History Snippet: Fairfax on NEPA 1978

There’s much (potential for) change bubbling away in the NEPA-sphere, but like improving various aspects of the Forest Service, these ideas and concerns have been in the air for awhile.  Here’s a letter in Science from Sally Fairfax in 1978 (yes, almost 50 years ago…). P.S. If you have a copy of her paper on RPA and the Forest Service, or know how to contact her, please let me know.

6 thoughts on “History Snippet: Fairfax on NEPA 1978”

  1. Here’s a paper with some of Fairfax’s best critical thinking on NEPA from way-back: https://www.science.org/doi/10.1126/science.199.4330.743

    Full-disclosure : I taught a graduate course on NEPA at USU for a few years and worked in the USFS WO’s detached Fort Collins office for quite some time, often dealing with NEPA and public participation or collaboration. I think NEPA is, to paraphrase Churchill on democracy, the worst form of planning aside from all others that have been tried from time to time. Many of the opportunities it offers have been poorly tried, yet many of the foibles embedded have been given much oxygen.

    That said, throwing it aside during this moment seems hardly a recipe for progress. Even the best ideas from the past seem unlikely to receive much consideration.

    Reply
    • I don’t see it as “throwing NEPA aside”, more like looking at the statute, figuring out what worked with past regulations and what didn’t, and maybe starting over. The permitting reform bros I’m in touch with have certainly do pay attention to ideas from the past. Now, whether they have influence.. not so sure. But I wouldn’t assume that the folks involved are unfamiliar with how NEPA is working and ideas for improvement.

      Reply
  2. Here are Dr. Fairfax comments:

    ……which I identified as “questionable assumptions” underlying all the claims of the virtues of the NEPA process. First, the assumption that environmentally unsound decisions are the result of a bureaucratic system that fails because administrators lack information and do not want to make sound decisions: and second, the assumption that the public and the courts are capable of identifying environmentally correct decision or forcing the agencies to do so. If these are acceptable as assumptions underlying the EIS process, then the whole enterprise is in doubt…………..

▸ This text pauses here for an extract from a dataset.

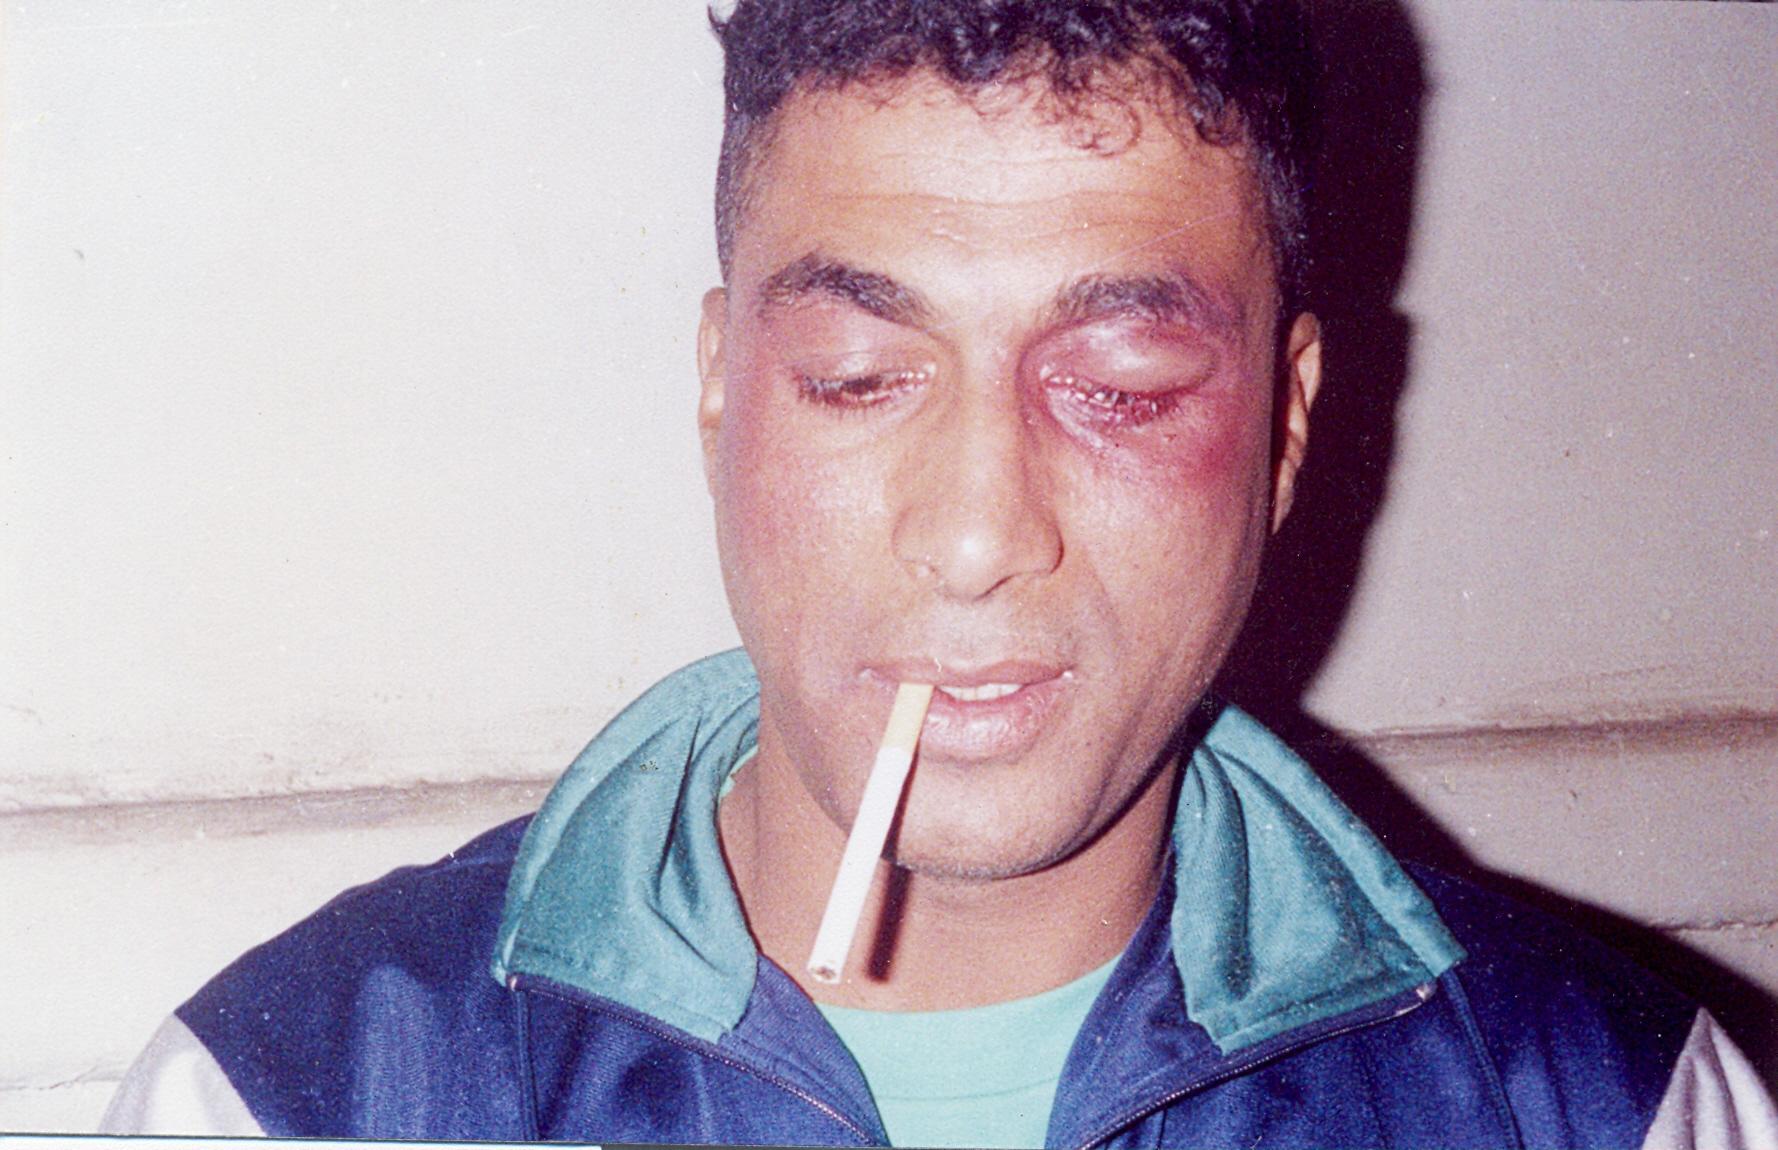 أحمد زكي في فيلم كابوريا
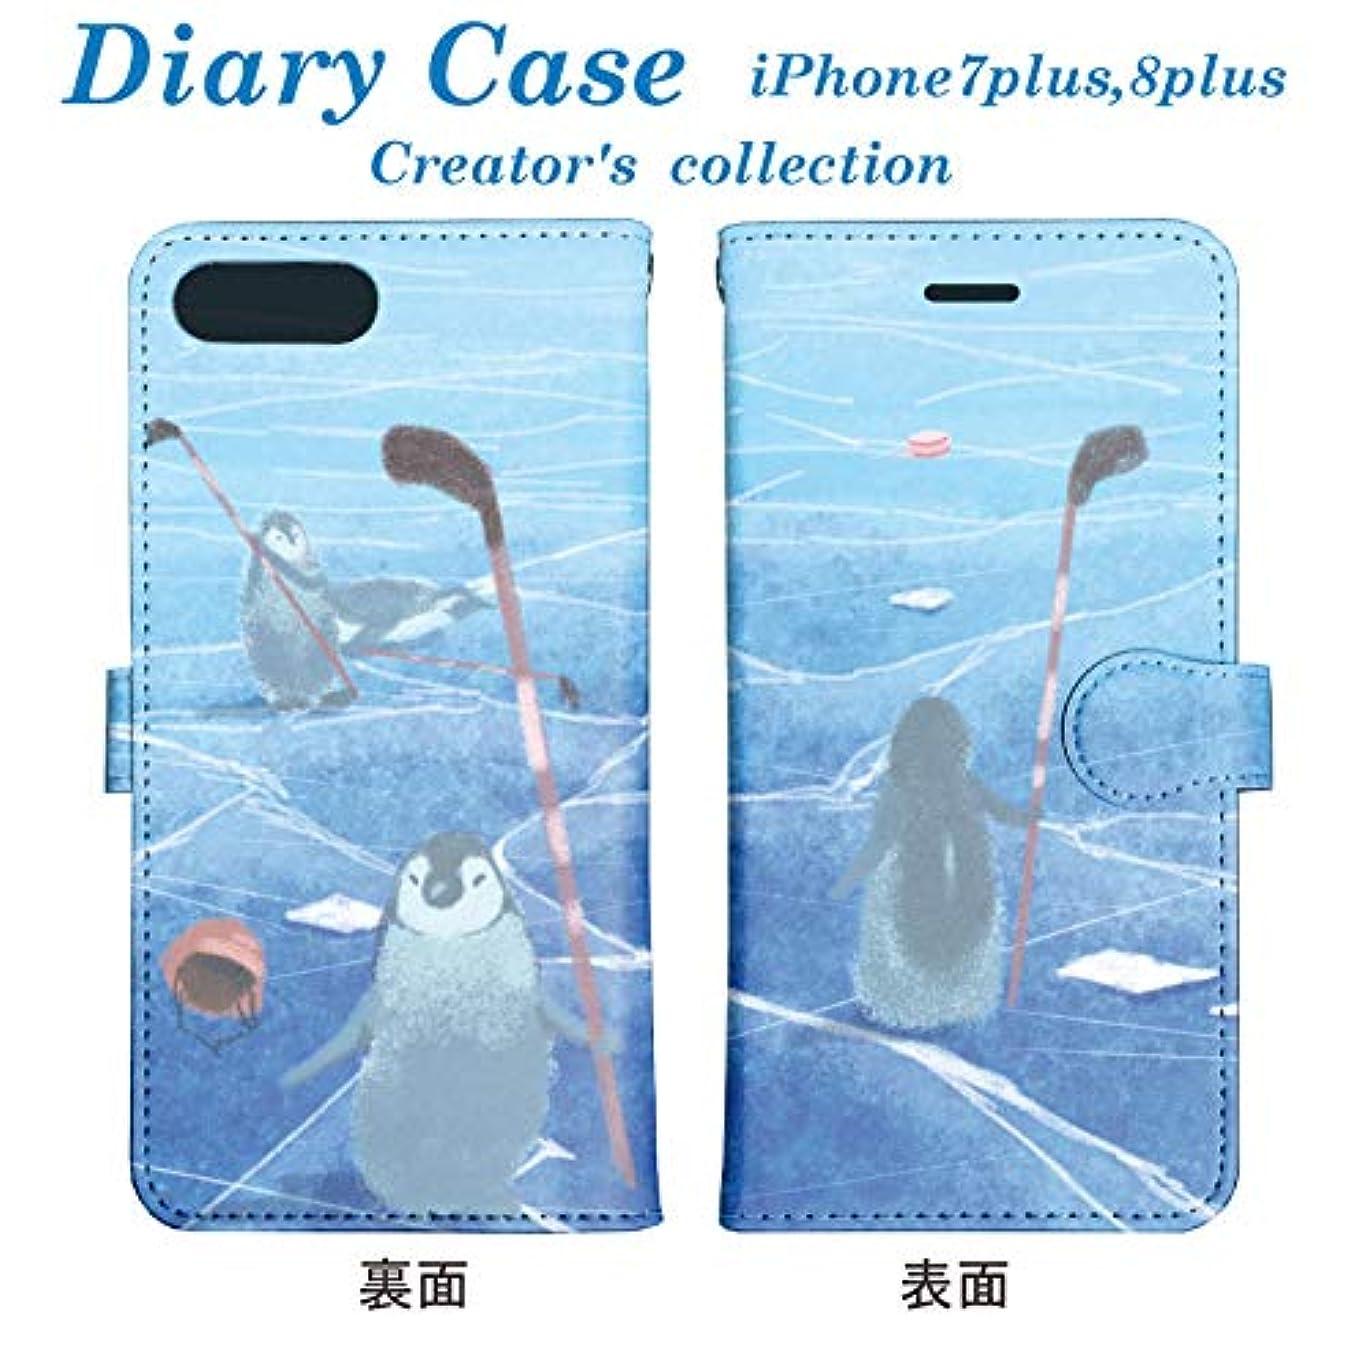 科学者石炭感謝するiPhone7plus iPhone8plus アイフォン7プラス アイフォン8プラス 手帳型 スマホケース クリエイター作品 池上幸輝 「ペンギンホッケー」 ペンギン アイスホッケー

    They hit at the root of the problems with NEPA.

    I was working on timber sale for a consulting firm in 1974 and the California Forest Practices Act has just passed. The timber harvest plan had questions like “Are there T&E species on the timber sale? What are you going to do about that??. Are there archaeological sites on the timber sale? What are you going to do about that? ”

    I found it a remarkable and easy process that clearly addressed the issues at hand. NEPA needs to be that simple.

    In 1978, I was tasked by the Forest Service to write the management plan for the St. Joe Wild and Scenic River. The EIS took ten years to complete because of public controversy over classification.

    When I started the management plan, there was no requirement to prepare ANOTHER EIS on the management plan.

    As I started the writing of the plan I wrote 10 handwritten pages on the “guts” of the management plan for folks to review. I was pretty verbose. The Planning Staff wrote a letter to Senator Church that summarized the management plan in TWO pages.

    The final plan was over 130 pages, and it was NOT a EIS.

    It took me a little over a year to complete the plan working about 30% of my time on it. The plan was in effect for over 40 years. A remarkable return on a planning document.

    NEPA has failed.

    It is very expensive, and the quality of the final decision has gotten worse not better. It forces mediocre decisions through endless repetitive analysis process.

    Just before I retired a Federal judge thought 70 horses supporting five outfitters for four months in the 500,000 acre Pasayten Wilderness was a MAJOR Federal environmental decision requiring a EIS.

    Under NEPA, the first of its kind drilling platform in the Gulf of Mexico, also known at the Deepwater Horizon (remember the BP oil spill) was a 26 page FONZI under NEPA.

    NEPA is a total failure when it comes to disclosing the effects of our activities on the environment.

    Reply
  3. I think “NEPA has failed” is a bit of an overstatement. It should be evaluated against NEPA’s purpose:

    “SEC. 2. The purposes of this Act are: To declare a national policy which will encourage productive and enjoyable harmony between man and his environment; to promote efforts which will prevent or eliminate damage to the environment and biosphere and stimulate the health and welfare or man; to enrich the understanding of the ecological systems and natural resources important to the Nation; and to establish a Council on Environmental Quality.”

    Yeah, maybe it’s sometimes fallen short on that. It’s also fair to ask whether achieving a legislative purpose is costing too much. But I’ve always seen the bottom line of NEPA (and the EIS) to be §102, which requires all agencies to “ensure that presently unquantified environmental amenities and values may be given appropriate consideration in decisionmaking.” Are they being given too much consideration?